Think about what happens when you move from one layer in the tree to the next. When you start getting to layers with progressively more nodes, you'll eventually get to a spot where the layers are so big that they can't fit into memory caches. When that happens, if you've laid out the memory in a BFS order, then going from one layer to the next will almost always cause a cache miss because the memory fetched for the first layer won't include the node from the next layer in it. In other words, every link followed will cause a cache miss. On the other hand, if you use DFS order, then the memory for the nodes will have the nodes broken apart into smaller chains of nodes corresponding to the paths taken by DFS. If you do lookups in a way that follows those chains, it's possible that you'll have no cache misses at all when going from one node to the next, which can dramatically speed up lookups.
The ordering I've actually heard most for making cache-friendly BSTs is the van Emde Boas layout, which is formed as follows:
If the tree has height two or less, lay it out in DFS or BFS order (they're the same here).
Otherwise, split the tree at the middle level into a "top tree" of the first half of the nodes and up to $\sqrt{n}$ "bottom trees" formed from the lower levels. Recursively compute the van Emde Boas layouts of each of these trees, then concatenate them together in order.

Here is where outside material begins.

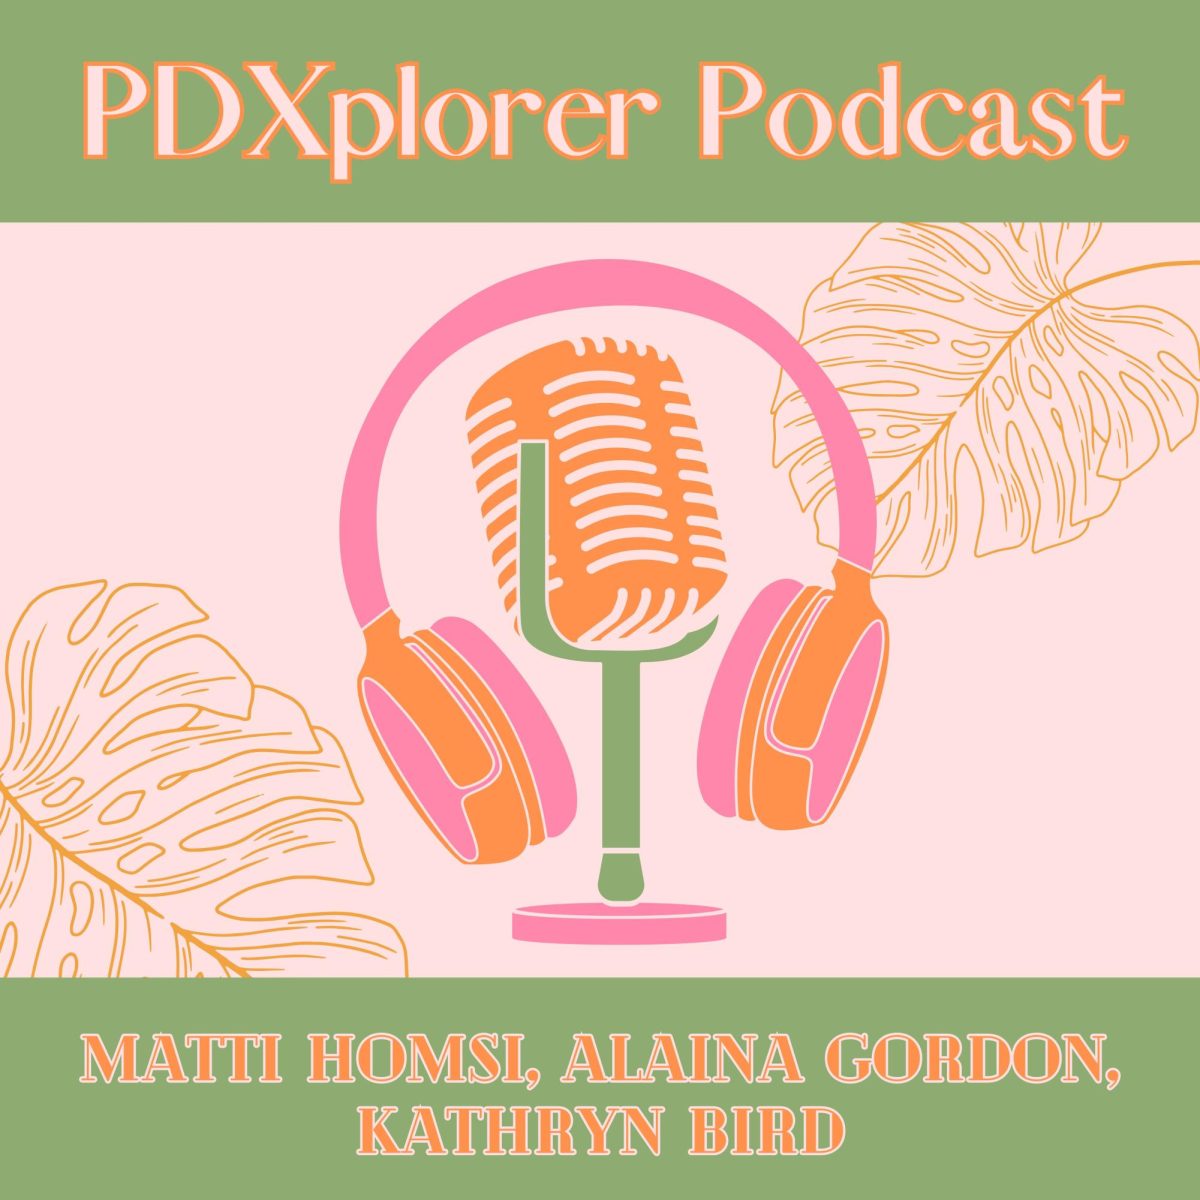 PDXplorer podcast

You can prove that this layout is optimal assuming that you don't know anything about the particular sizes of the caches of the machines in the computer (it's known as a cache-oblivious data structure).
If you do know the cache size, though, the "best" choice is probably to use a B-tree instead of a BST, since B-trees are specifically designed to play nicely with caches. Although they were designed for on-disk storage, they work really well in main memory, as some recent work has shown.